Di 3 distrik tersebut, ungkap Emiricus Renwarin, tercatat 5 SMP yakni SMPN 1 Muting, SMPN 2 di Ulilin, SMP 3 di Elikobel , SMP 4 di Alfasera 3 Muting dan SMP 5 di Bupul 9 Distrik Ulilin. “Tadi malam saya dapatkan laporan bahwa dari panitia yang kami bentuk di sekolah, sudah tercatat 65 siswa yang mendaftar. Sementara di sekolah-sekolah tersebut secara kolektif, saya belum menerima laporan,’’ jelas Emiricus Renwarin.
Dikatakan, tahun lalu jumlah siswa baru yang pihaknya terima sebanyak 115 orang dengan 4 rombongan belajar (rombel). Dia pun berharap pada tahun ajaran 2020/2021 siswa yang masuk di SMAN Muting tersebut sebanyak 4 rombel. Emiricus Renwarin mengakui bahwa siswa yang masuk pada tahun pertama cukup banyak namun tahun berikutnya jumlahnya terus berkurang.

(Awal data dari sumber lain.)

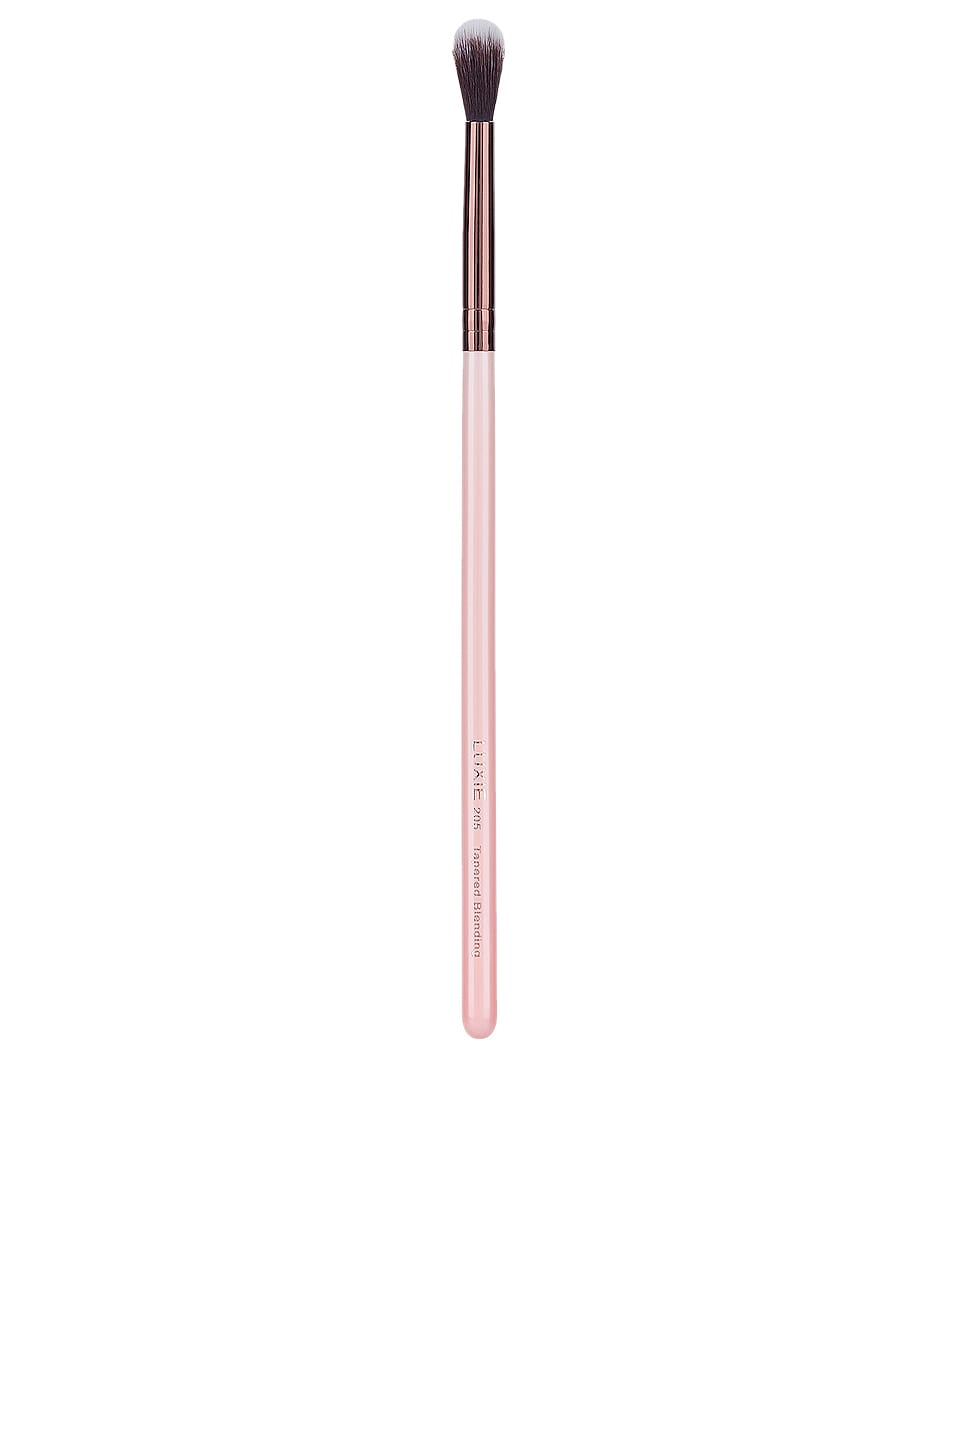 LUXIE LUXIE TAPERED BLENDING BRUSH IN PINK.,LUXR-WU8

Dikatakan, banyak faktor yang menyebabkan anak tersebut gagal di tengah jalan. Misalnya, masalah ekonomi keluarga, nikah mudah dan kemampuan siswa dalam menerima mata pelajaran. Namun dia menilai sebagian siswa yang gagal di tengah jalan tersebut karena kemapuan siswa dalam menyesuaikan mata pelajaran yang diterimanya.
Sebab, diantaranya siswa yang diterima tersebut, kendari sudah status SMA namun terkadang sebagian masih mengeja dalam membaca dan menulis. ‘’Ini terjadi karena dasarnya yang tidak kuat. Saya bukan mau menyalahkan teman-teman guru yang ada di SD dan SMP tapi itulah fakta yang terjadi. Saya bicara apa adanya. Karena saat di SD, tidak ada di sekolah karena dua alasan, Pertama karena memang tidak ada guru dan guru tidak ada di tempat,’’ katanya.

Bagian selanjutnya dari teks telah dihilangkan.